Originally created 06/13/05

Coroners use volunteers to stretch dollars



SPARTANBURG, S.C. - Keith Plexico was all set to spend the week after Christmas with his family when a plane crashed in Spartanburg County and his pager buzzed.

It wasn't long before it buzzed again and Mr. Plexico's vacation from his job as a service manager at a car dealership would have to wait. He spent most of the next three days in the hills near the North Carolina state line, helping the county coroner's office collect evidence to help determine why the plane crashed, killing the pilot.

And he did it all free.

Mr. Plexico volunteers as an investigator for the Spartanburg County coroner's office. Coroners say they couldn't do their jobs without volunteers.

"The majority of coroner's officers across the state are grossly underfunded," said Richland County Coroner Gary Watts, who also serves as the president of the South Carolina Coroners Association.

In many counties, the animal control department gets more money than the coroner, whose job can determine whether someone goes to prison for years or a family collects life insurance. Coroners also set public health priorities, such as reporting which diseases are the biggest killers in the state. Mr. Watts' office gets $1 million a year.

"It's still less than the dogcatcher's budget, and I'm one of the fortunate ones," he said.

Lloyd Ward makes $16,000 as Barnwell County coroner, so he supplements his salary with a full-time job at Savannah River Site.

"I may end up going a week or so with nothing going on," said Mr. Ward, who has been coroner for 12 years. "The next two weeks I may end up burning vacation at SRS so I can do my job here."

One of Mr. Watts' goals is to persuade the Legislature to make the coroner's position a full-time job in every county. He estimates that two-thirds of South Carolina's 46 counties consider it a part-time position.

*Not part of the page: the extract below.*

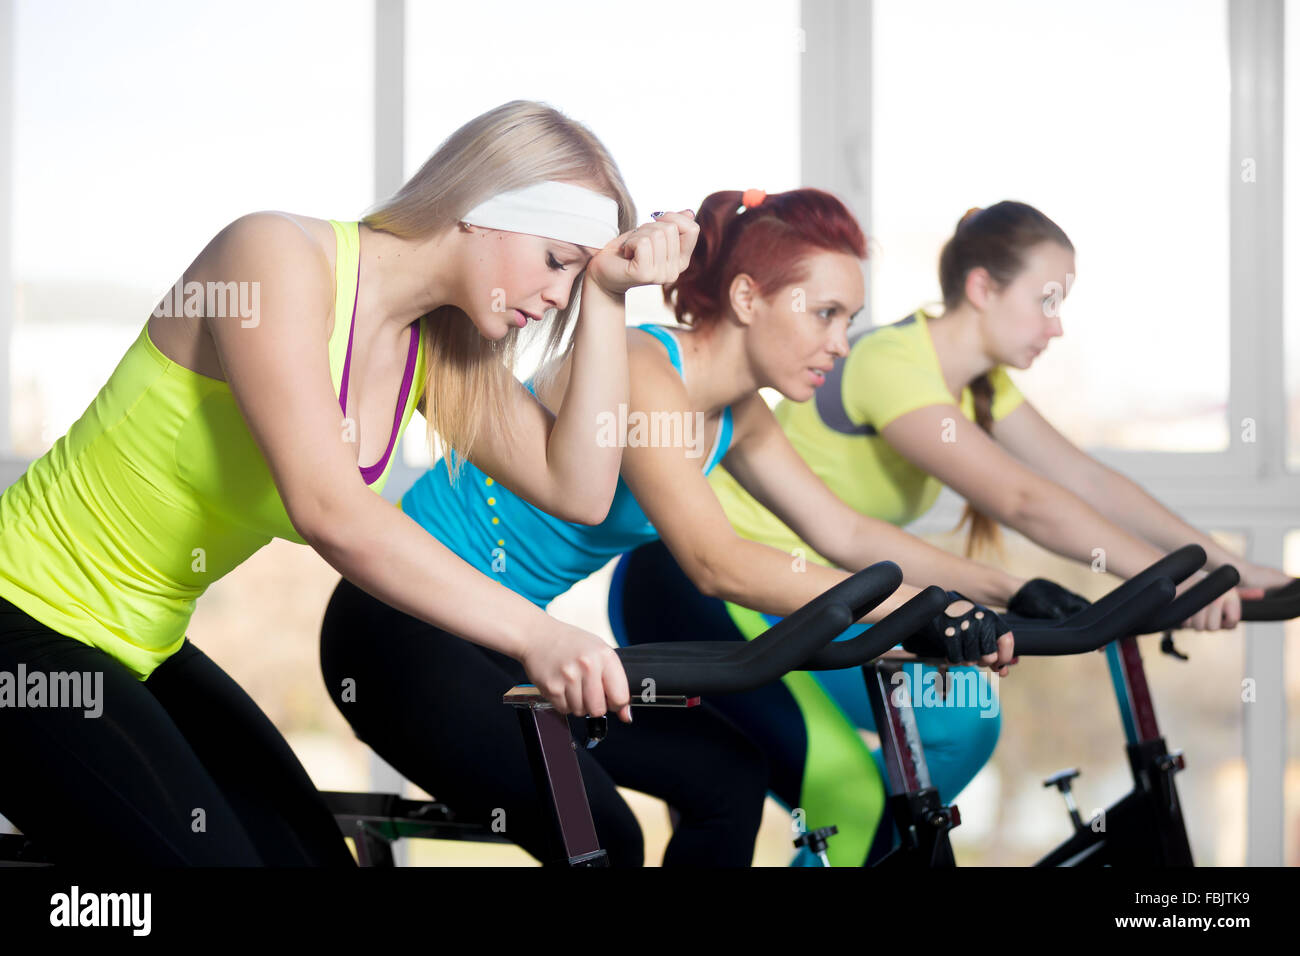 La pratica di fitness, gruppo di montare tre femmine bellissime escursioni in bicicletta in sports club, facendo esercizi cardio per dimagrire in classe Foto Stock

"You don't have a part-time sheriff. You don't have a part-time clerk. You don't have a part-time solicitor. But you can have a part-time coroner," Georgetown County Coroner Kenny Johnson said. "I think that unfairly diminishes our role in some people's eyes. It's a full-time job. You're on 24 hours a day, seven days a week."

Aiken County's Tim Carlton is a full-time coroner, but he has part-time assistants.

Mr. Johnson's office has a budget of about $100,000. His salary is about $37,000, and he pays a part-time deputy $3,000 a year. He wanted to increase the deputy's pay to $5,000, but the county council turned him down.

The Georgetown County sheriff makes twice as much as Mr. Johnson. The Barnwell County sheriff makes four times what the coroner makes, while sheriffs in Jasper, Abbeville and Newberry counties make about five times as much, according to data from the South Carolina Association of Counties.

When Fairfield County Coroner Joe Silvia first ran for office 28 years ago, "it was just a job nobody wanted."

He made $2,000 a year back then in a job many saw as clerical - just signing death certificates. At the time, many coroners ran funeral homes and did little to investigate suspicious deaths.

"We've got better at investigating and got better qualified people to be in the office," said Mr. Silvia, who gives part of his $18,577 salary to his chief deputy.

He was given $53,781 this fiscal year to investigate all unattended deaths in the county, along with several other deaths considered suspicious. It costs nearly $800 to have an autopsy performed, and that will increase to almost $900 soon.

In comparison, the Fairfield County sheriff's office gets about $1 million a year.

"The coroner's office is an office people don't want to care about," Mr. Silvia said.

But what they do is important, said Mr. Watts, who recalled a case a few years ago in which an elderly woman with diabetes, a history of heart disease and a recent stroke was found dead in her Richland County home.

Paramedics and caregivers thought she had died from a heart problem.

"But we investigated and found she had been strangled and raped. You don't think of those things with a 76-year-old woman, but you can't rule that out without investigating," Mr. Watts said.

He didn't think twice about further investigation because he had the money and the time, but some coroners with a tight budget or a busy week might take the word of the paramedics and family.

"Those are the ones that terrify me," Mr. Watts said.

Louisiana is the only other state in the Southeast that uses a coroner system similar to South Carolina's, according to the Centers for Disease Control and Prevention. Other states use medical examiners either as a substitute or supplement for elected coroners.

North Carolina has a little of both, said Dr. John Butts, the state's chief medical examiner.

Each county has at least one appointed medical examiner. Some in larger counties are paid a full-time salary, while those in smaller counties make $75 a case, Dr. Butts said.

The state funds more than 60 percent of North Carolina's system. Coroners in South Carolina are heavily dependent on local money.

"I'd love to have more money - we need more money - but our system works inexpensively," said Dr. Butts, who estimates the medical examiners' statewide budget at about $6 million a year.

Volunteer Ken Toney and his wife take separate cars when they go out so he can respond to a call immediately.

"I've seen half of a lot of movies," he said.